DATA_REGISTRY_BASE_URL = "https://data.open-contracting.org/en/"
PUBLICATIONS_URL = f"{DATA_REGISTRY_BASE_URL}publications.json"


def get_publications():
    publications = requests.get(PUBLICATIONS_URL, timeout=10).json()
    for publication in publications:
        publication["label"] = f"{publication['country']} - {publication['title']}"
    return publications


def get_publication_select_box():
    return widgets.Dropdown(
        options=sorted([entry["label"] for entry in get_publications()]),
        description="Publication:",
        disabled=False,
    )


def get_available_years(publication):
    years = ["full"]
    if publication["date_from"] and publication["date_to"]:
        year_from = int(publication["date_from"][:4])
        year_to = int(publication["date_to"][:4])
        years.extend(list(range(year_from, year_to + 1)))
    return years


def get_years_select_box(publication_select_box):
    selected_publication = next(
        entry for entry in get_publications() if entry["label"] == publication_select_box.value
    )
    return (
        widgets.Dropdown(
            options=get_available_years(selected_publication),
            description="Year:",
            disabled=False,
        ),
        selected_publication,
    )


def download_file(selected_publication, selected_year):
    file_name = f"{selected_publication['source_id']}-{selected_year}.jsonl"
    download_url = (
        f'{DATA_REGISTRY_BASE_URL}publication/{selected_publication["id"]}/download?name={selected_year}.jsonl.gz'
    )
    response = requests.get(download_url, timeout=10)
    with tempfile.NamedTemporaryFile() as gz_file:
        gz_file.write(response.content)
        with gzip.open(gz_file.name) as i, Path(file_name).open("wb") as o:
            shutil.copyfileobj(i, o)
    return file_name

## Check the MVP status of the Data registry publications

Use this notebook to check which publications in the Data Registry pass the MVP Relevant and Active criteria, for example, for updating the MEL1 tracker upon OCP Rapid Reflection meetings.

In [None]:
# @title Get all the publications from the registry { display-mode: "form" }

publications = get_publications()

### Check for non-frozen publications whose latest data has not been updated in the previous four calendar quarters

From the list, check also the "last_retrieved" and "update_frequency" columns.
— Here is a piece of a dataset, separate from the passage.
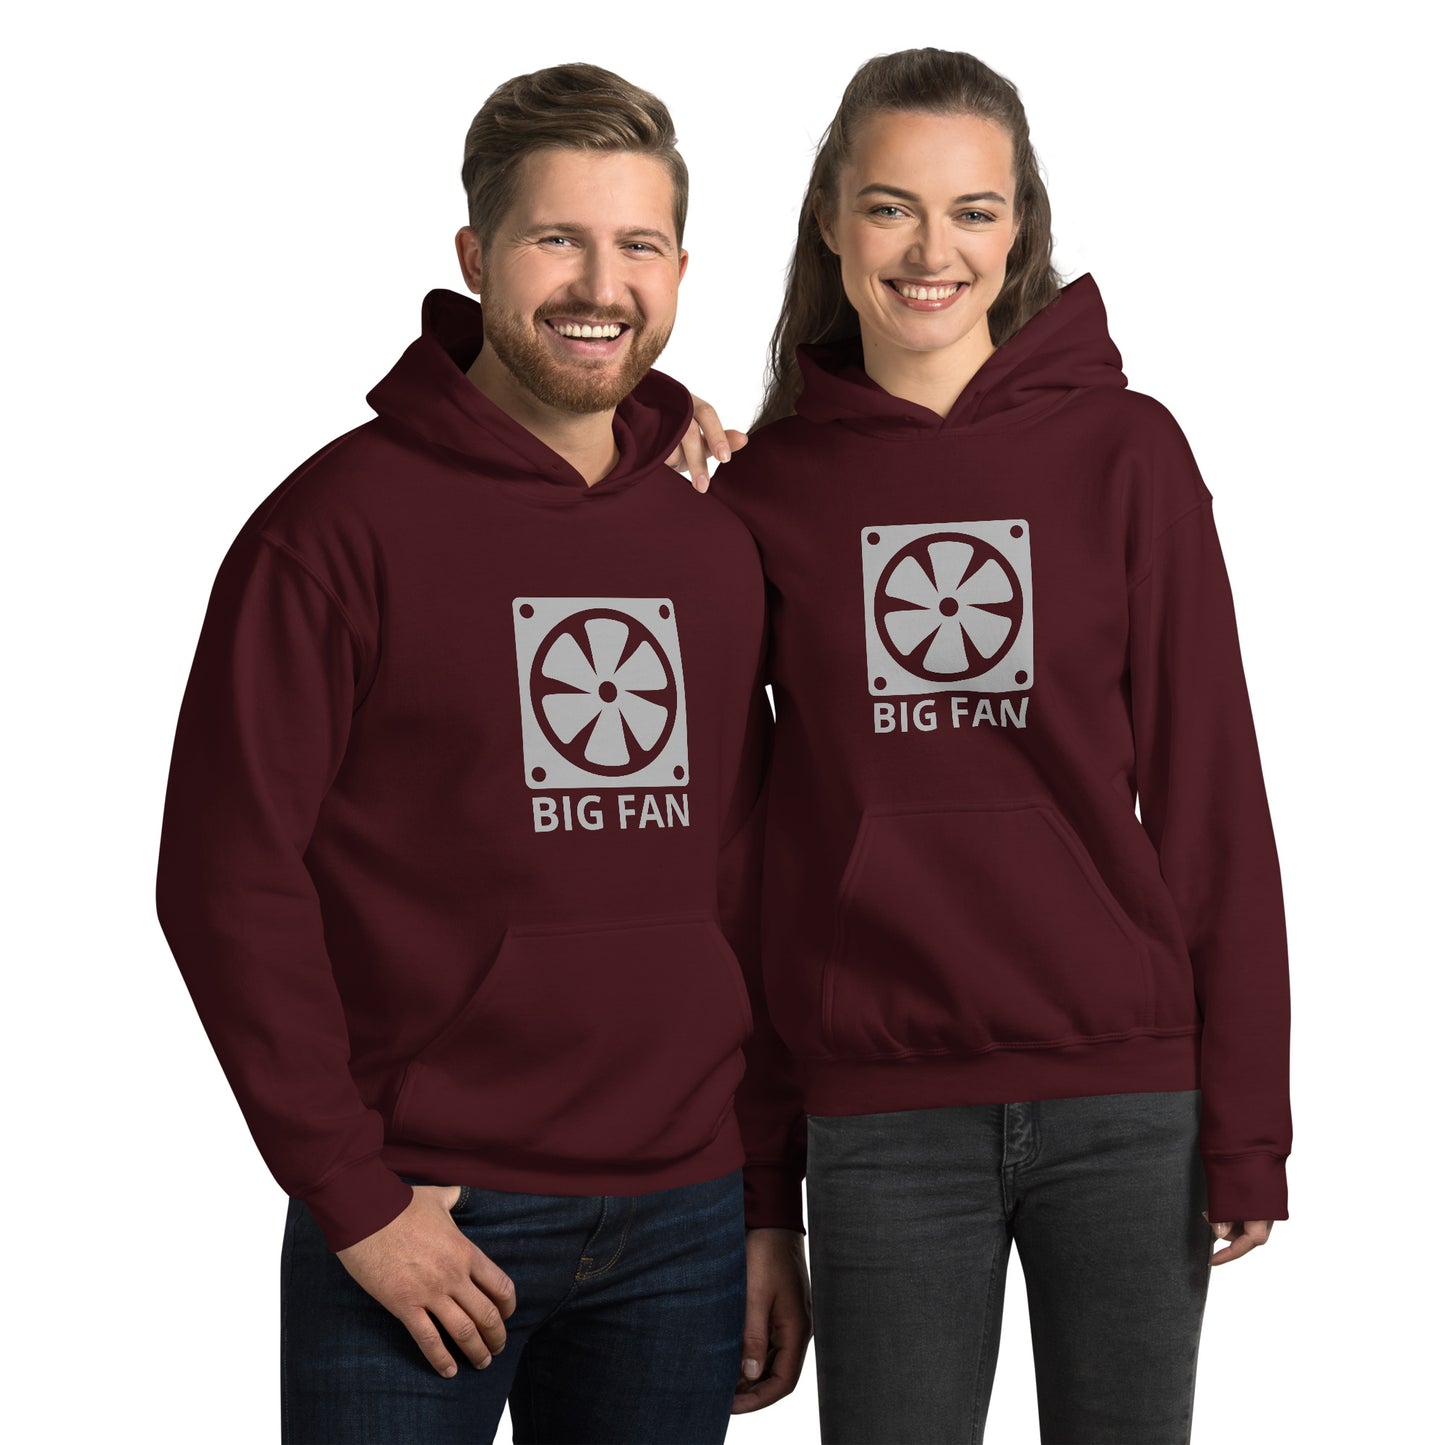 Man and women with maroon hoodie with image of a big computer fan and the text "BIG FAN"

If the data is not being retrieved, check the publication log in the Data Registry to check if there is a problem with either a job or the source data itself.

In [None]:
non_frozen_publications = [item for item in publications if not item["frozen"] and item["date_to"]]
today = datetime.now(tz=timezone.utc)
past_year = today - relativedelta(years=1)
lapsed_publications = [
    item
    for item in non_frozen_publications
    if datetime.strptime(item["date_to"], "%Y-%m-%d").astimezone(timezone.utc) < past_year
]
lapsed_publications_table = pd.DataFrame(lapsed_publications)
lapsed_publications_table

### Check non-relevant publications
Check which active publications pass and not pass the "Relevant" criterion.

In [None]:
results = []
active_publications = [item for item in non_frozen_publications if item not in lapsed_publications]
for publication in active_publications:
    year = publication["date_to"][:4]
    if int(year) > today.year:
        year = today.year
    file_name = download_file(publication, year)
    field_table = cardinal_calculate_coverage(file_name)
    fields_list = field_table.iloc[:, 0].tolist()
    relevant, relevant_table = is_relevant(fields_list)
    relevant_table["publisher"] = publication["label"]
    relevant_table["relevant"] = relevant
    results.append(relevant_table)

Filter the non-relevant ones

In [None]:
result = pd.concat(results)
not_relevant_publishers = result[~result["relevant"]]
non_relevant_rules = (
    not_relevant_publishers[not_relevant_publishers["possible_to_calculate"] == "No"]
    .groupby("publisher")
    .apply(lambda x: ", ".join(x["rule"].astype(str) + ": " + x["missing_fields"].astype(str)))
    .reset_index()
    .rename(columns={0: "failed rules"})
)

Check the results

In [None]:
non_relevant_rules